Tendonitis: What It Feels Like and How to Start Feeling Better
Tendonitis is pain and irritation where a tendon meets a muscle or bone. You’ll often feel a sharp or aching pain near a joint — shoulder, elbow, wrist, knee, or Achilles — especially with movement. It usually happens after overuse, sudden load increases, or poor mechanics. Age and repetitive work make it more likely.
Most cases improve with straightforward steps at home if you act early. The trick is not to rest forever but to reduce harmful load while keeping the tendon moving in a safe way. Below are practical, no-nonsense actions you can use right away.
Simple, immediate steps to ease pain
Stop the activity that caused the pain for a few days or modify how you do it. Apply ice for 10–15 minutes after activity to ease pain. Use over-the-counter NSAIDs like ibuprofen for short periods if you have no contraindications — they lower pain but don’t fix the tendon. A brace or taping can reduce strain, especially for elbow or wrist tendonitis.
If pain is severe, sudden, or you can’t put weight on the limb, see a doctor. Also check in if numbness, tingling, visible deformity, or fever appear. If symptoms don’t improve after 4–6 weeks of focused care, get a medical review — imaging like ultrasound or MRI can check for tears or chronic changes.
Exercises that actually help tendon healing
Eccentric strengthening is the most evidence-backed exercise approach for many types of tendonitis. That means slowly lowering the load on the muscle-tendon unit. For Achilles tendonitis, try heel drops: stand on a step, lift both heels, transfer weight to the painful side, then slowly lower the heel below the step. Start with body weight: 3 sets of 10–15 reps once or twice daily. For tennis elbow, a simple eccentric wrist extension routine with a light dumbbell works similarly.

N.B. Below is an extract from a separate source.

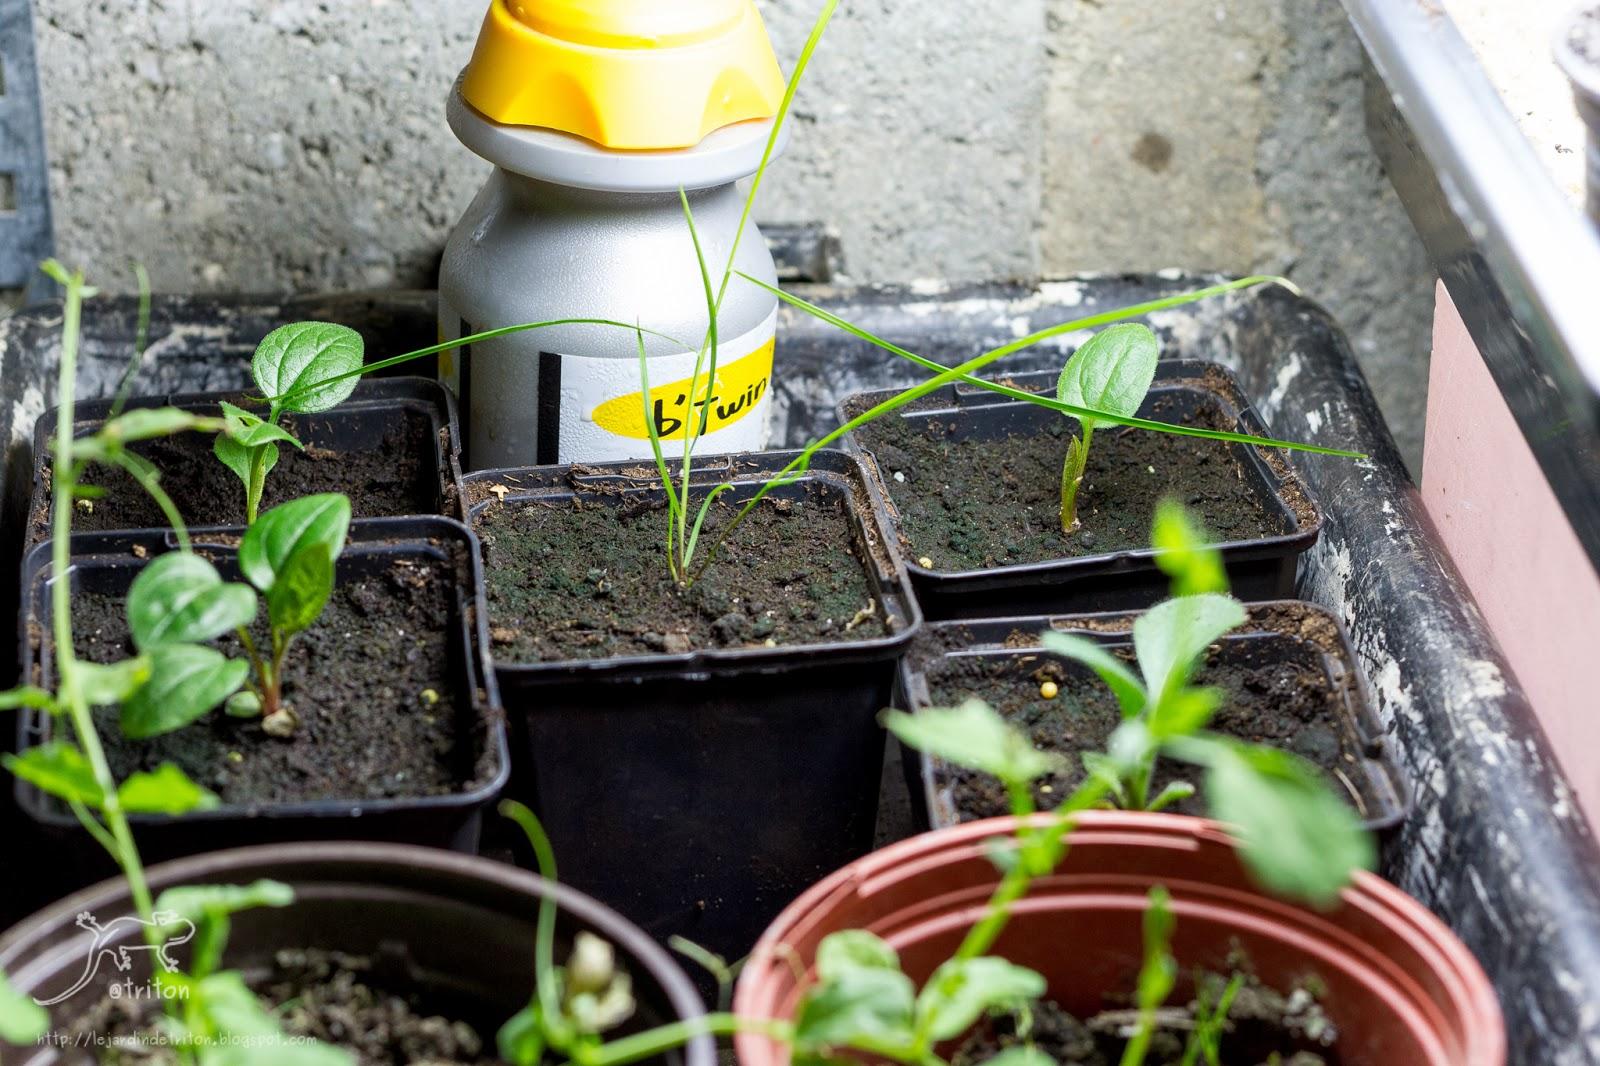 Le jardin de triton mes premiers semis - Arrosage gazon apres semis ...

Begin pain-guided: a bit of discomfort during exercises is okay, but intense pain is a stop sign. Progress load gradually — more reps, then added weight. Pair strengthening with mobility work and posture fixes: tight calves, weak rotator cuff muscles, or poor lifting technique often contribute to tendon stress.

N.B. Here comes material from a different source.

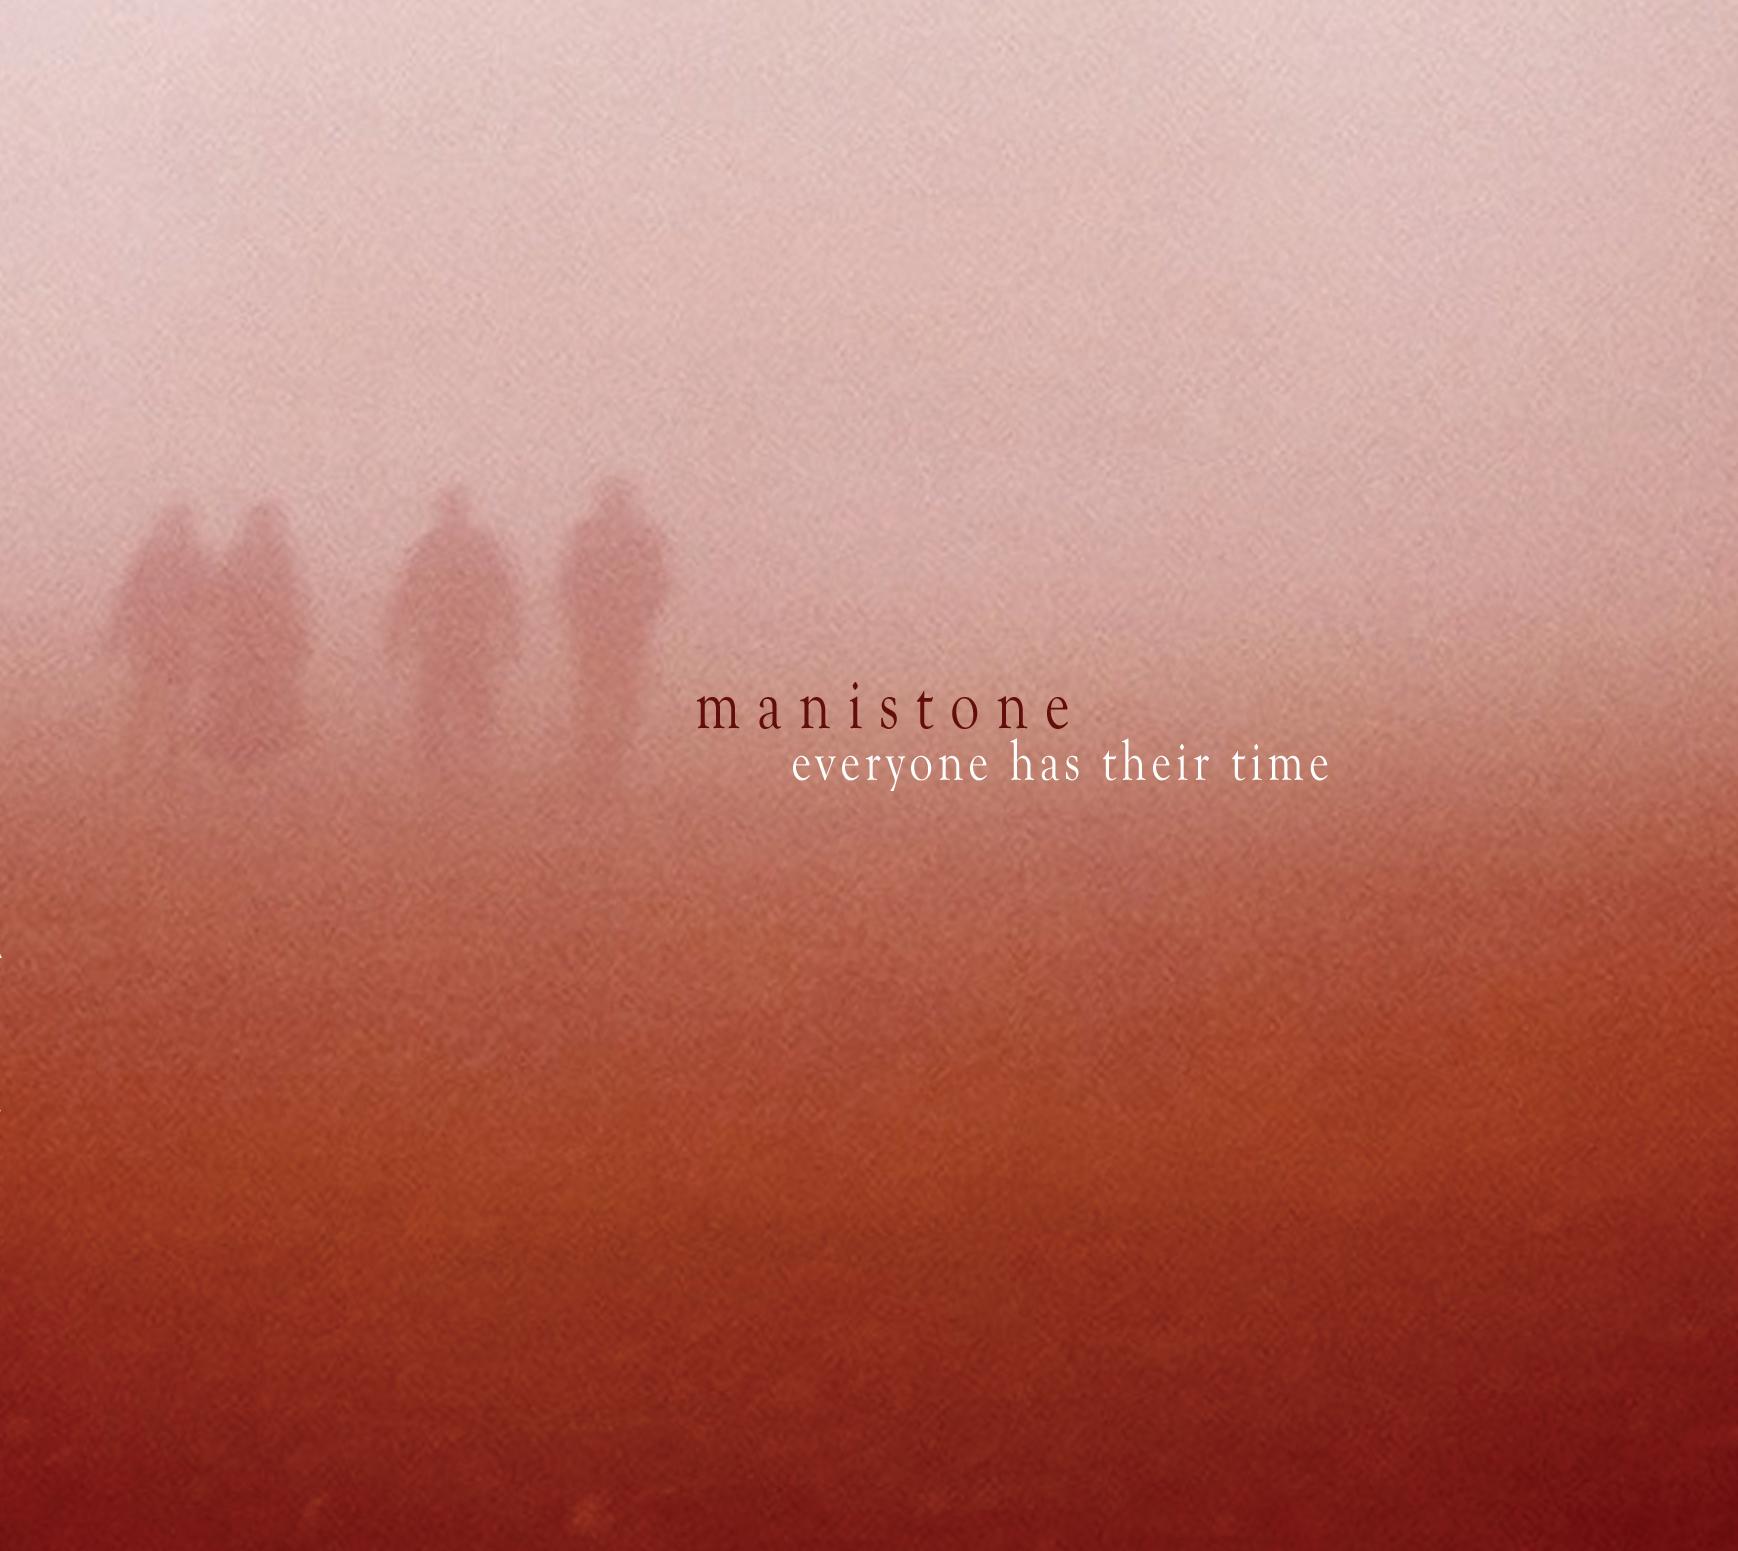 Everyone Has Their Time Album CD Digi Pack (CD-R) - manistone

Other options for stubborn cases include physical therapy, guided injections, shockwave therapy, or platelet-rich plasma. Some help, some don’t — discuss risks and expected outcomes with a clinician. Surgery is rare and reserved for persistent tendon rupture or severe degeneration.
Prevention matters: warm up, increase training load slowly, cross-train to avoid repetitive strain, and fix technique issues early. Good shoes, ergonomic work setups, and regular conditioning keep tendons resilient.
Want personalized steps? A short visit with a physiotherapist or primary care provider can set a safe exercise plan and speed recovery. Small, consistent changes beat quick fixes when it comes to tendonitis.